YOUR ASSIGNMENT - Leave out all pictures while you copy the lines exactly from the one with "Falcon Vest |" through the last line of the listing.

SUPPLIED MATERIAL -
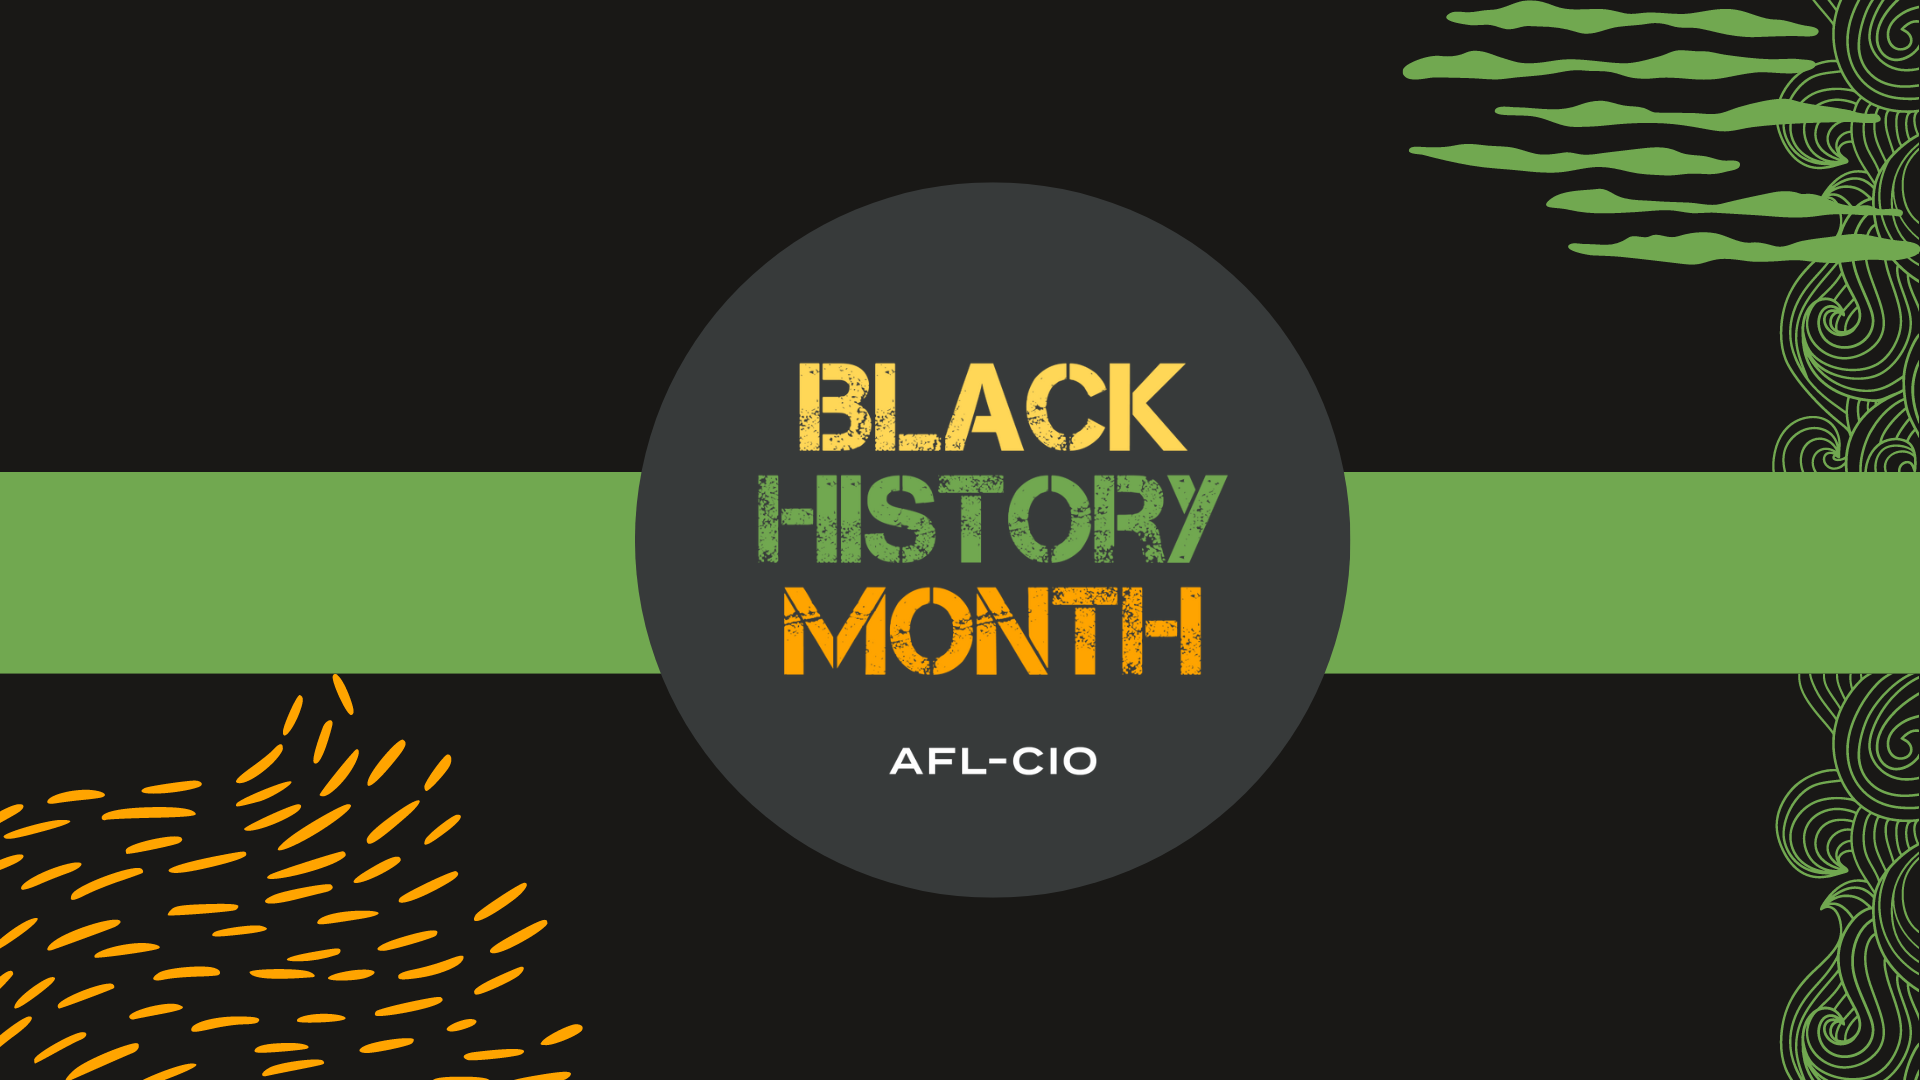 Black History Month. AFL-CIO.
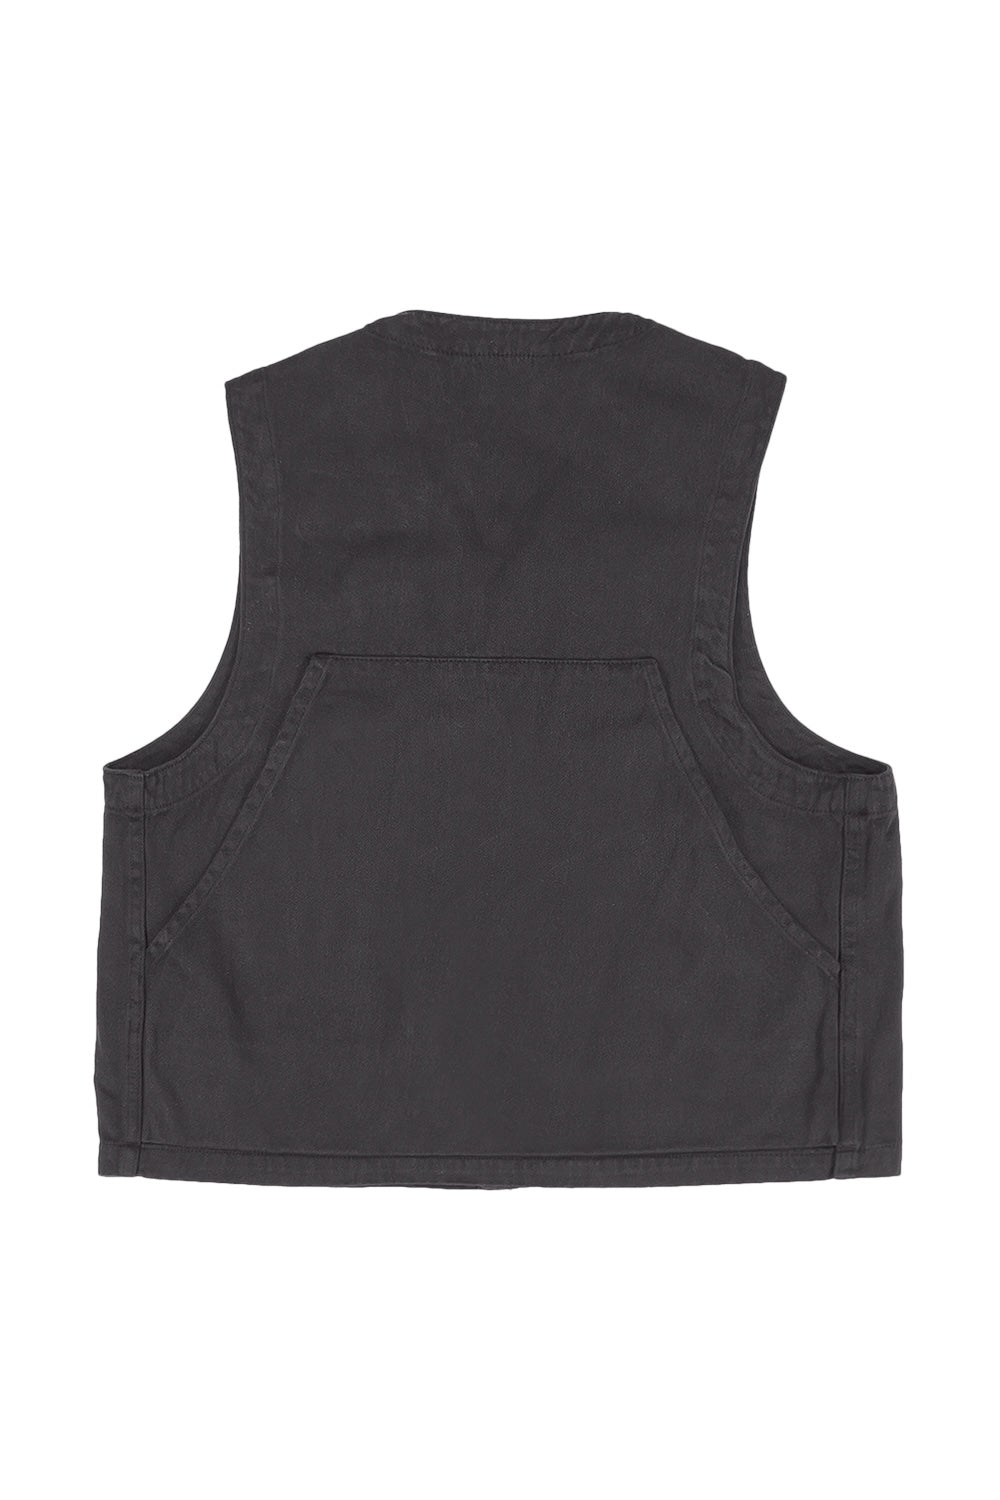 Falcon Vest | Jungmaven Hemp Clothing & Accessories / model_desc: Back in Black
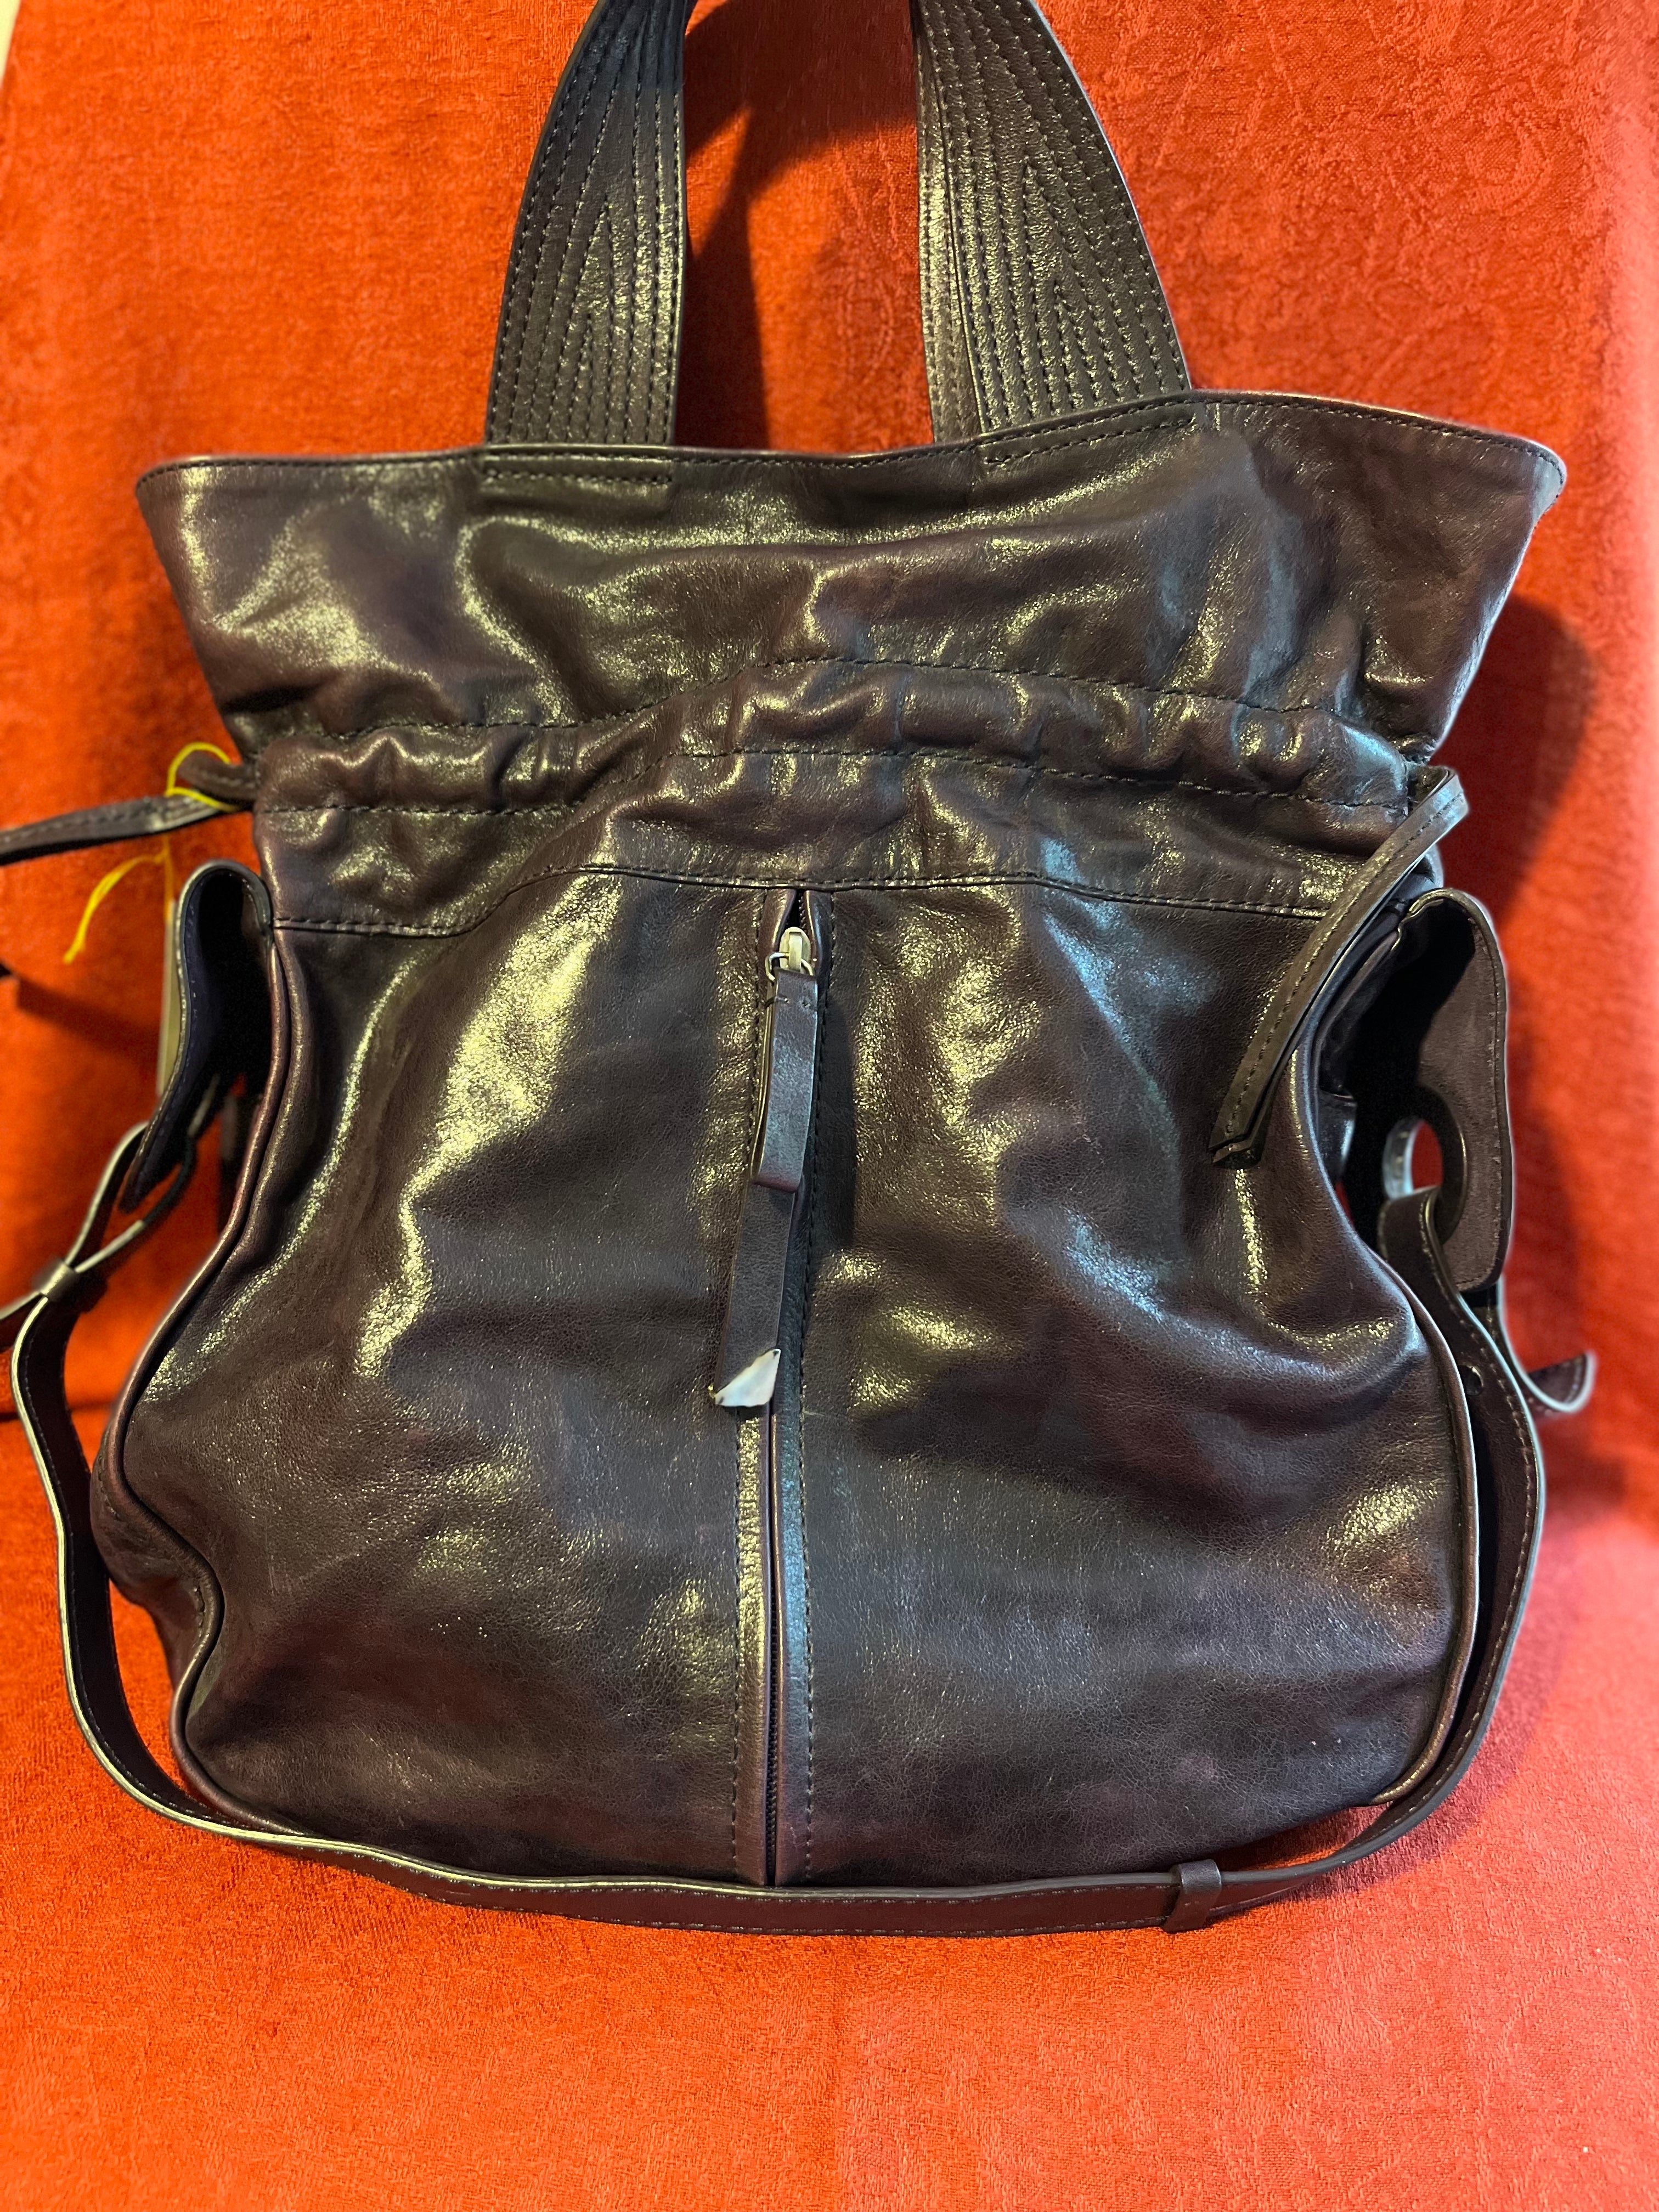 Vintage & second hand Francesco Biasia bags | The Next Closet

ANSWER SPACE -
 Falcon Vest | Jungmaven Hemp Clothing & Accessories / model_desc: Back in Black
 Vintage & second hand Francesco Biasia bags | The Next Closet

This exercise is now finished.